The input:
Start of Block

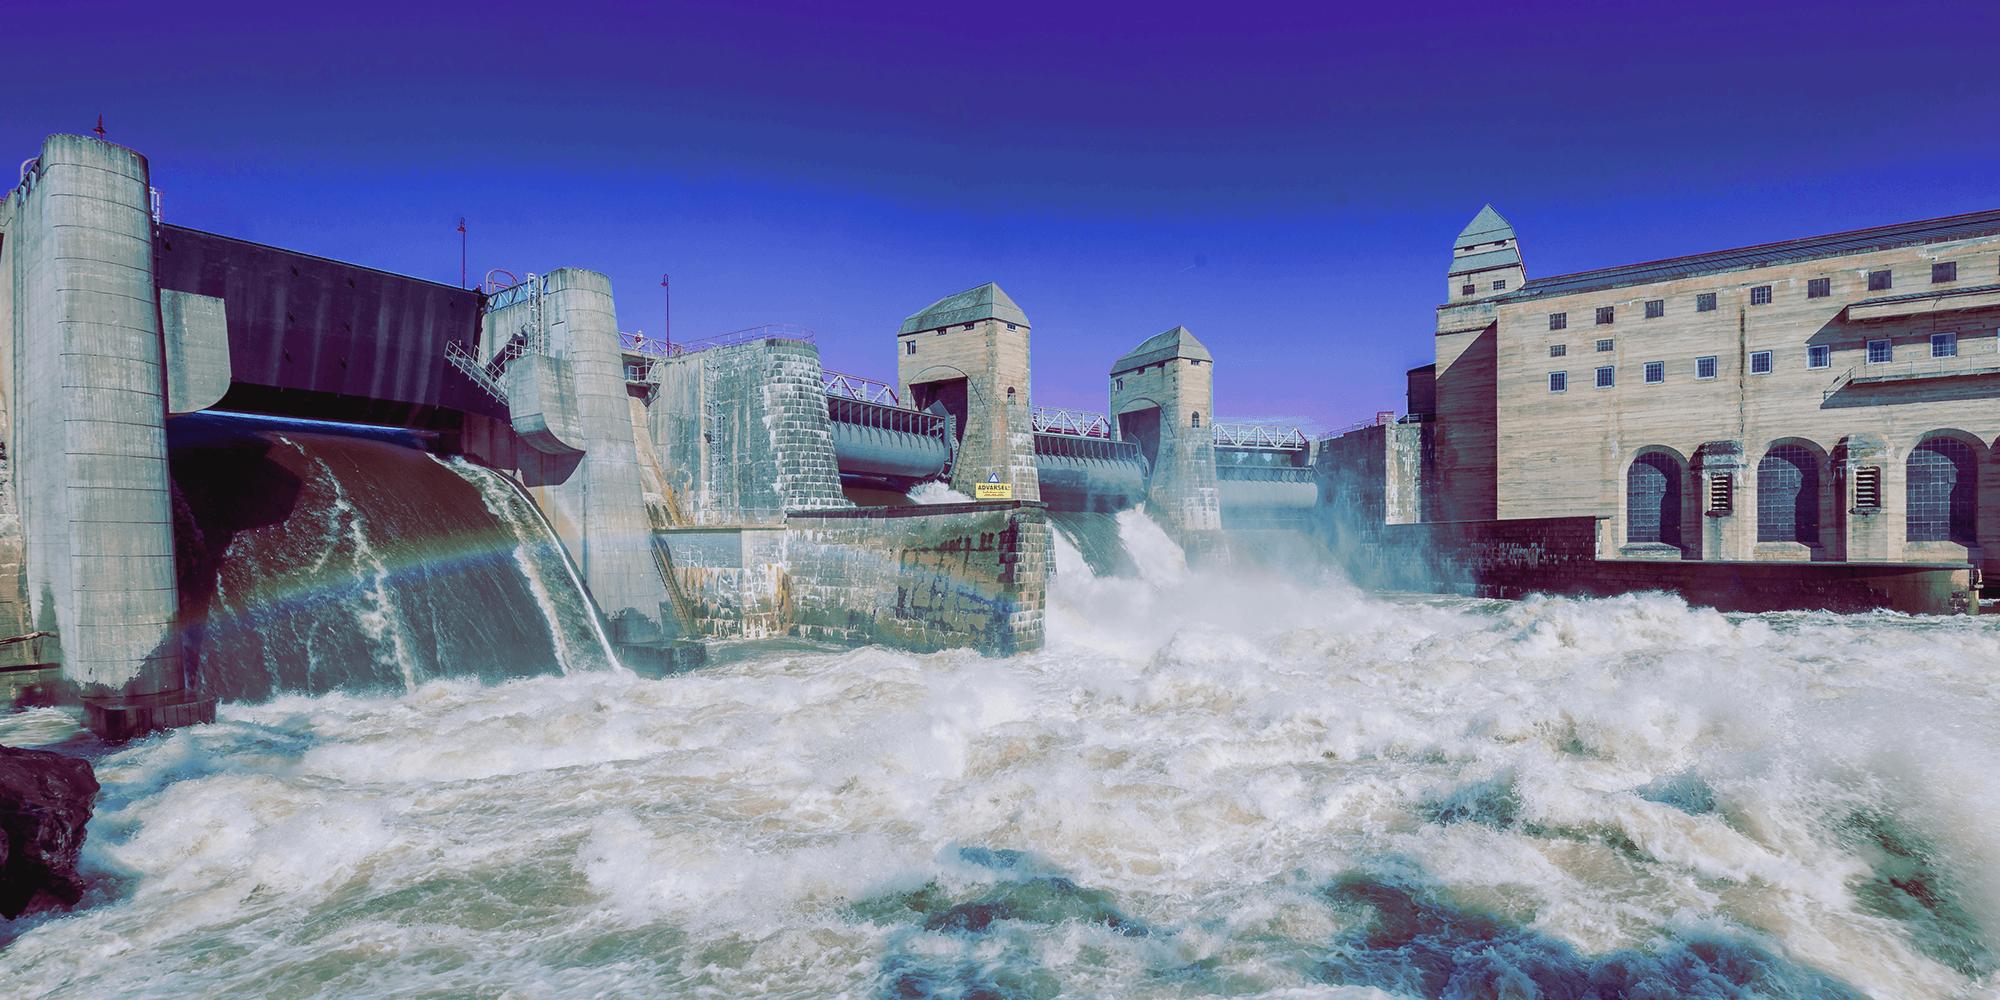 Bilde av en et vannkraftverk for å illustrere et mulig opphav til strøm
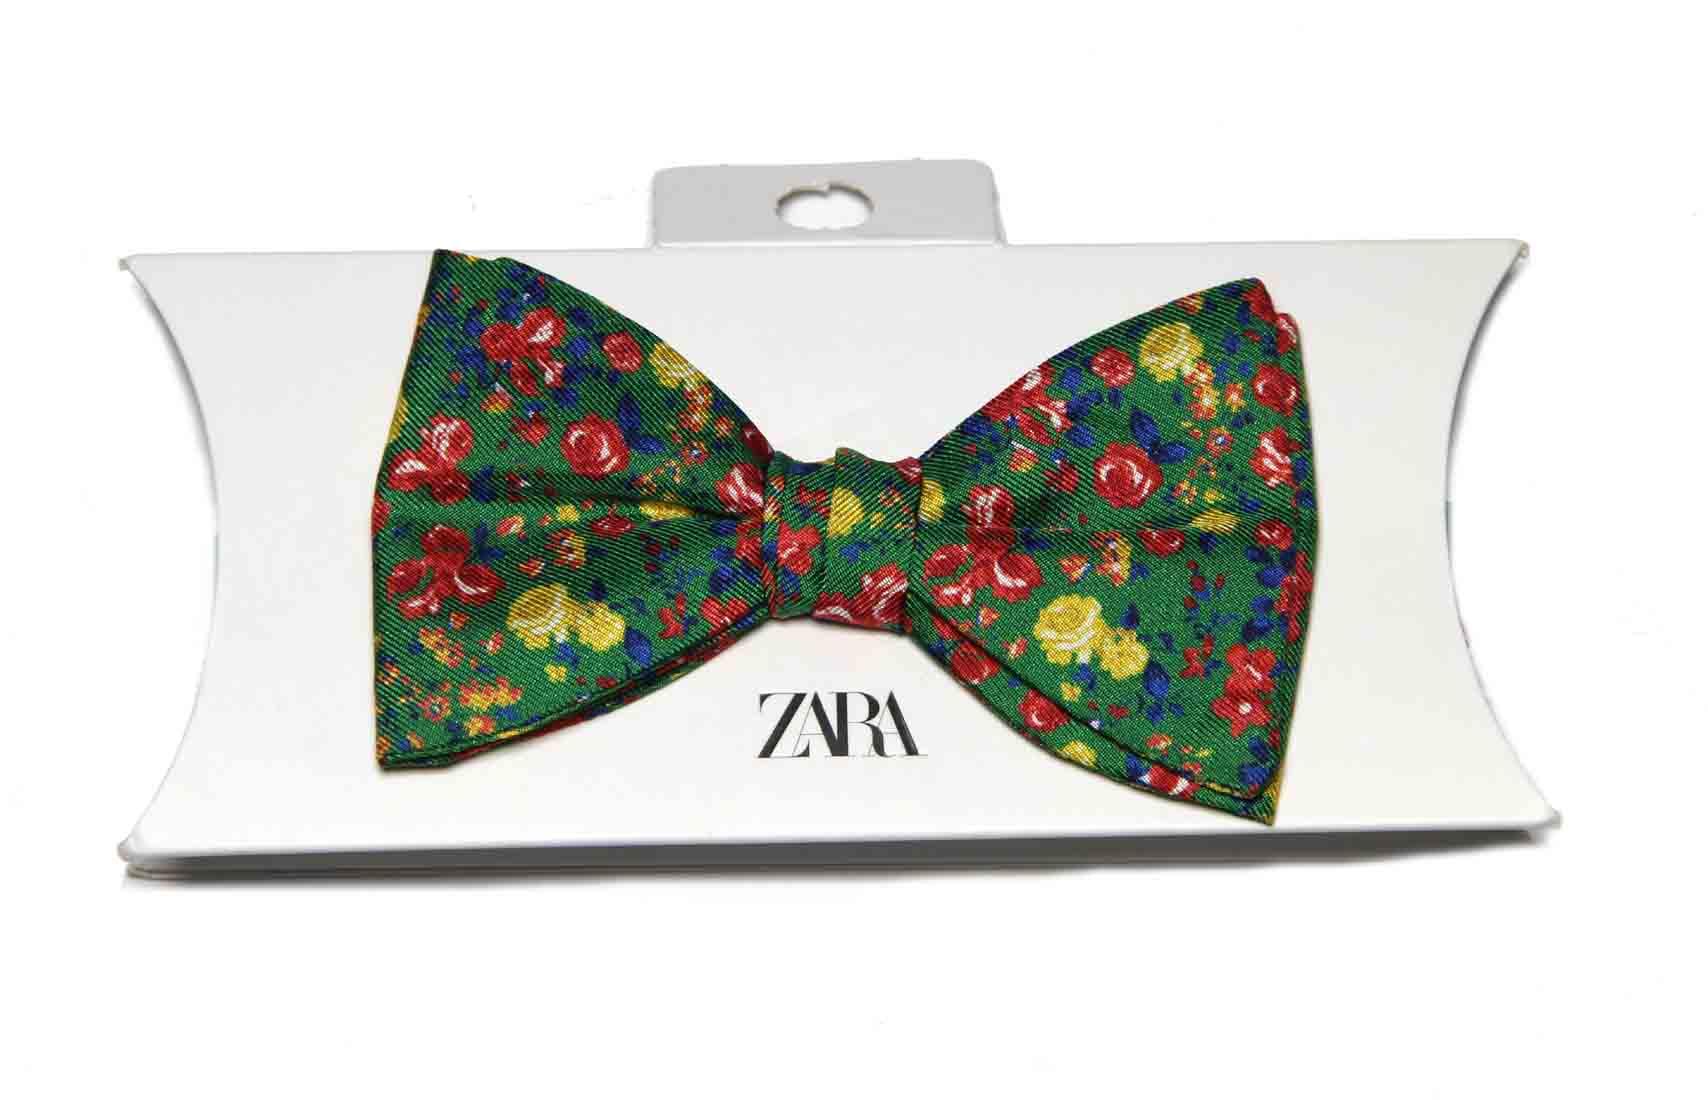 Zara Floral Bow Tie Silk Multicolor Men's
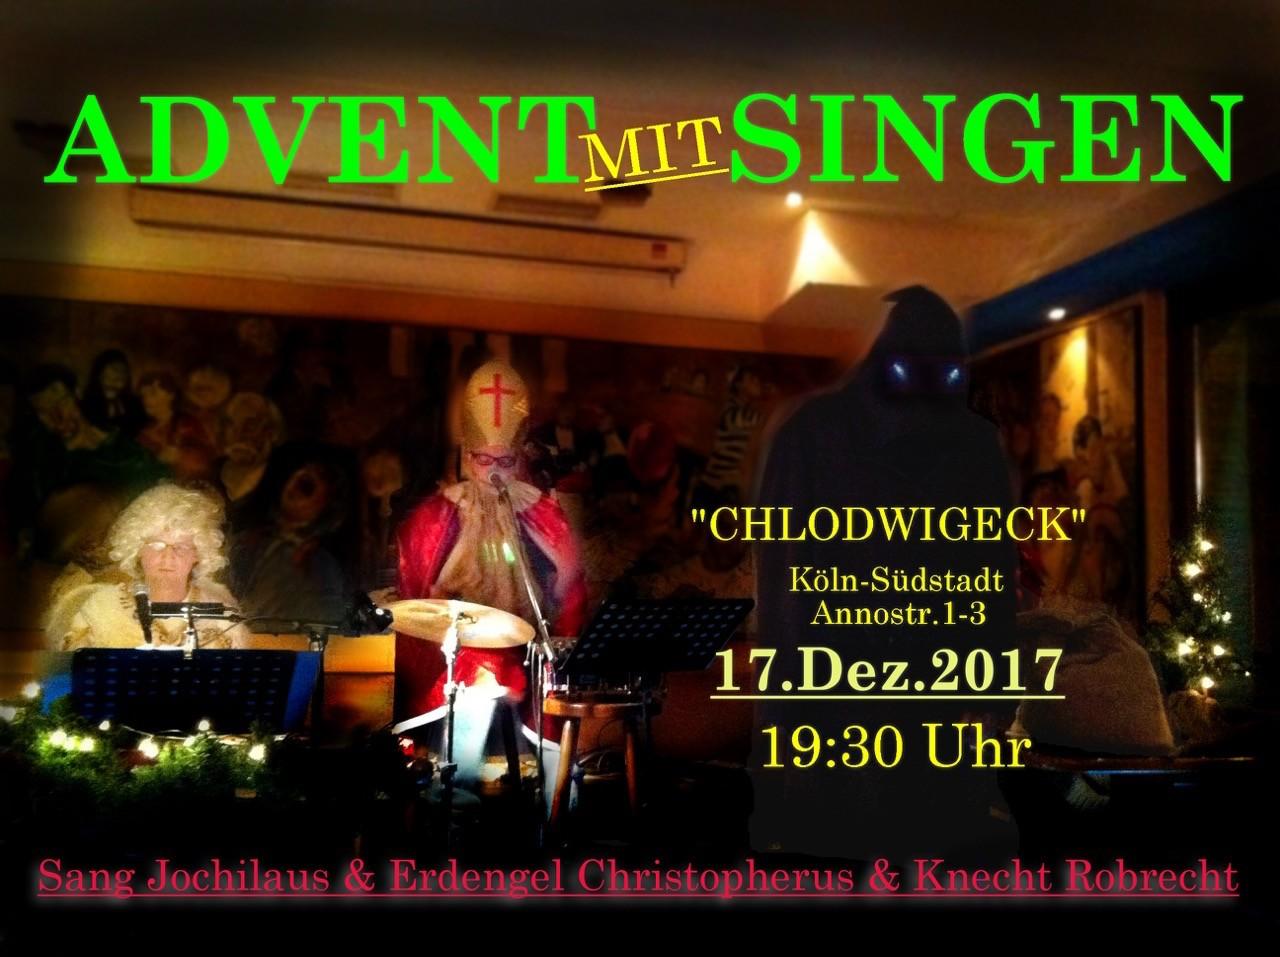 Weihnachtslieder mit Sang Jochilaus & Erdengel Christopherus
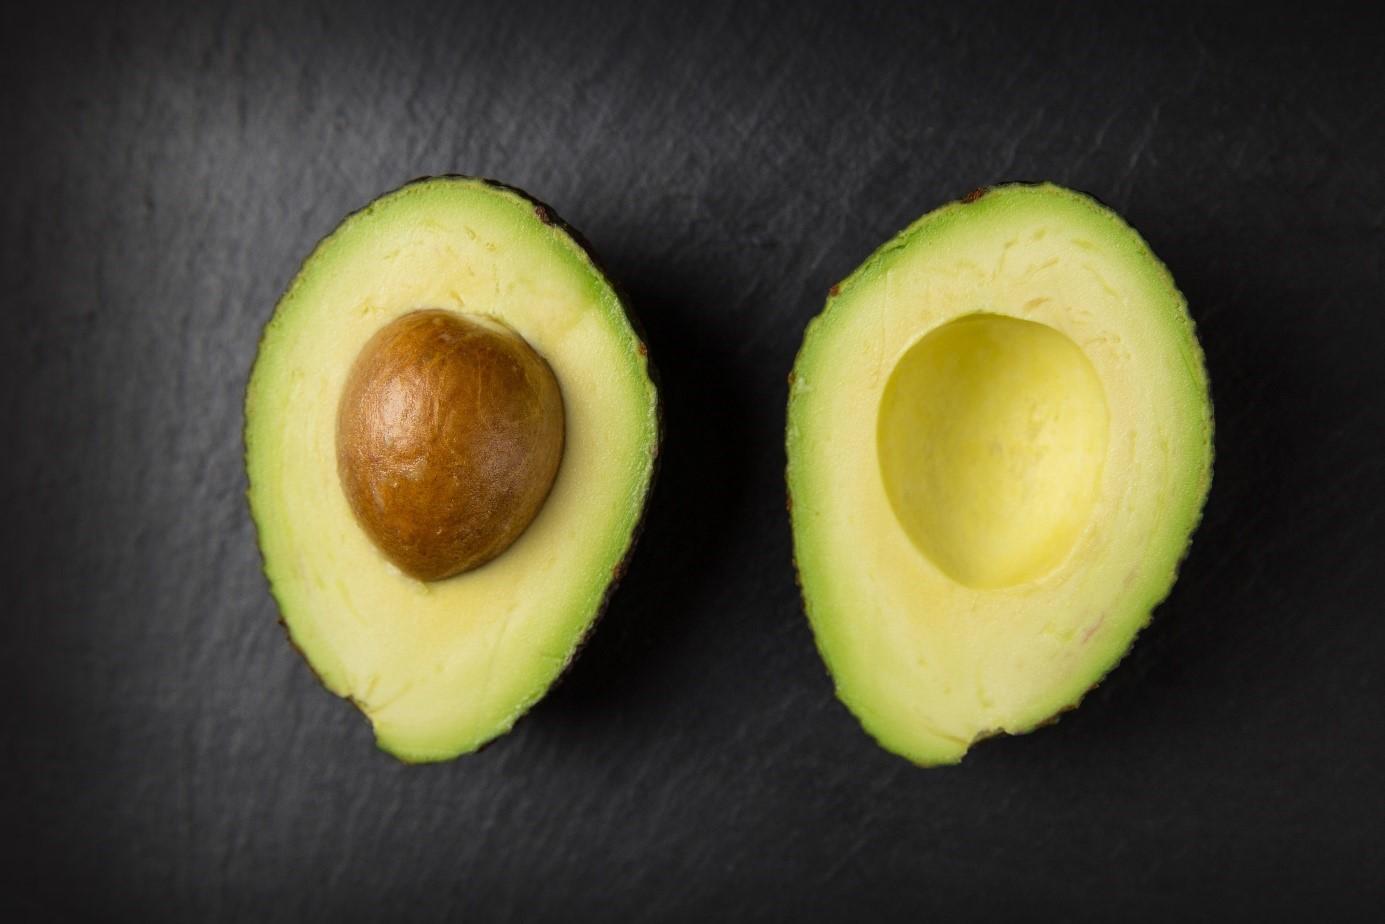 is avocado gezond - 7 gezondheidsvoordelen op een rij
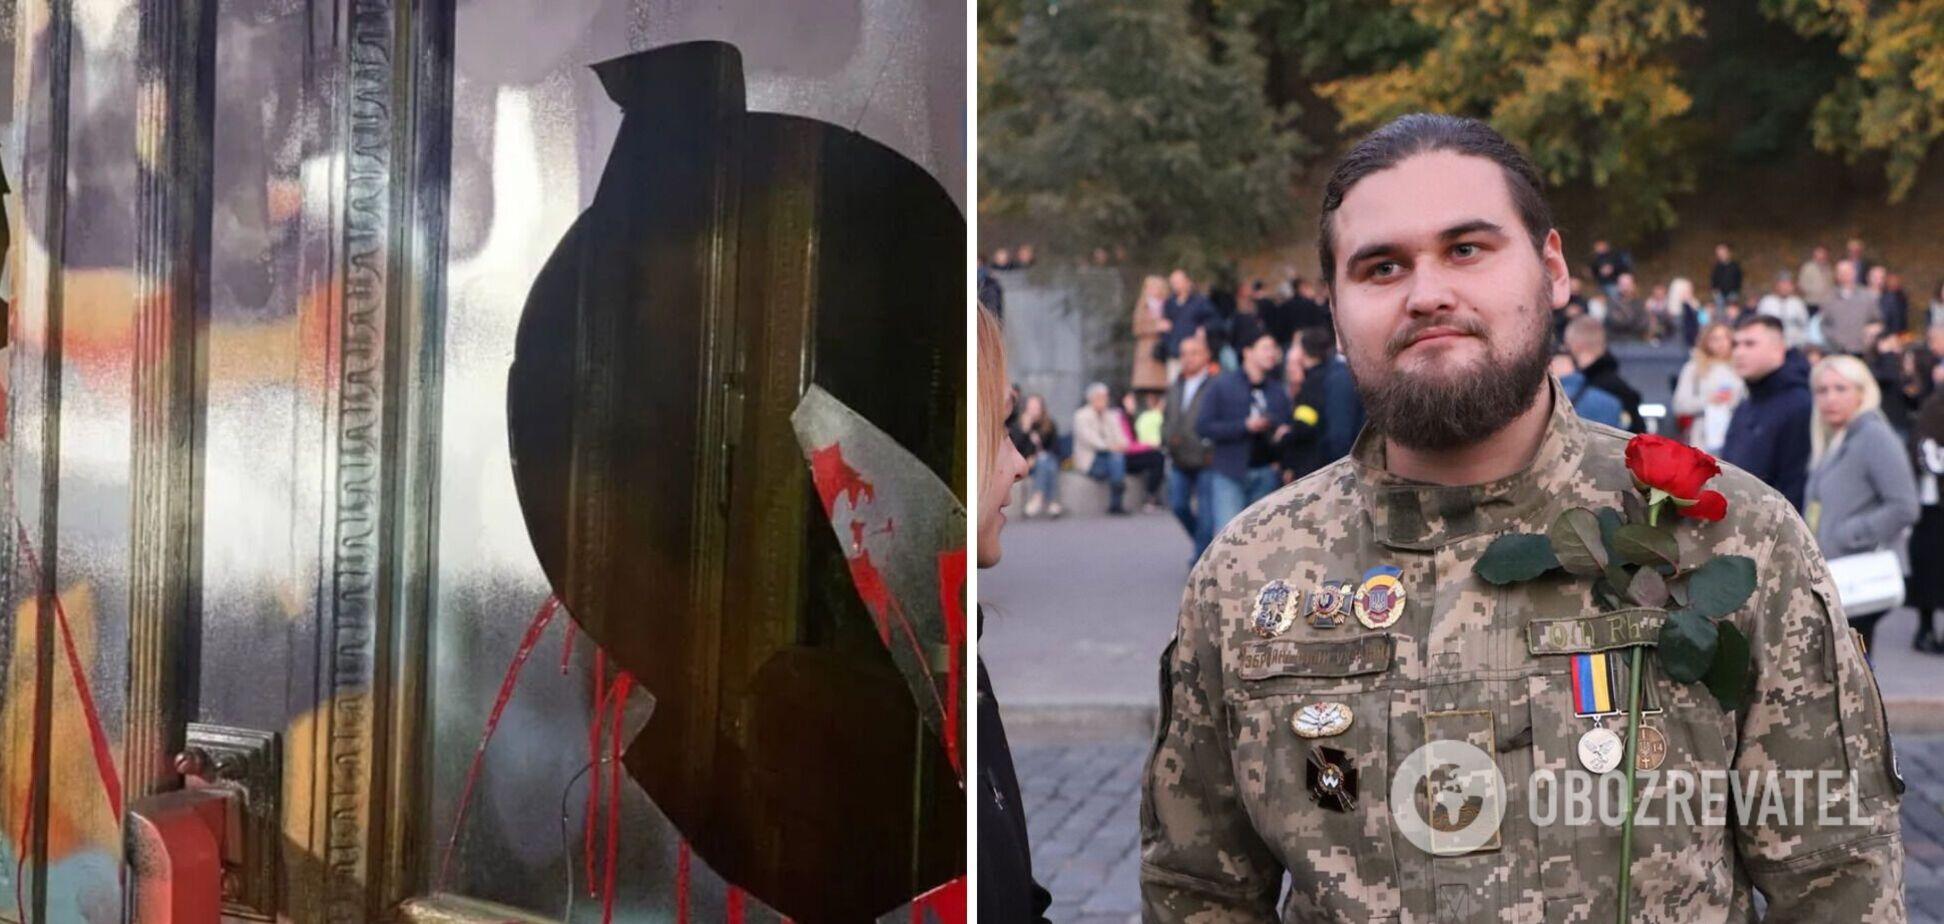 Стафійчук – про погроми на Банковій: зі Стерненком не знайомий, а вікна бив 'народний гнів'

End of Block

Your answer must be the lines from the one holding "Zara Floral Bow Tie Silk Multicolor Men's" through the final line of the records above, exactly as written and without any pictures.

 Zara Floral Bow Tie Silk Multicolor Men's
 Weihnachtslieder mit Sang Jochilaus & Erdengel Christopherus
 is avocado gezond - 7 gezondheidsvoordelen op een rij
 Стафійчук – про погроми на Банковій: зі Стерненком не знайомий, а вікна бив 'народний гнів'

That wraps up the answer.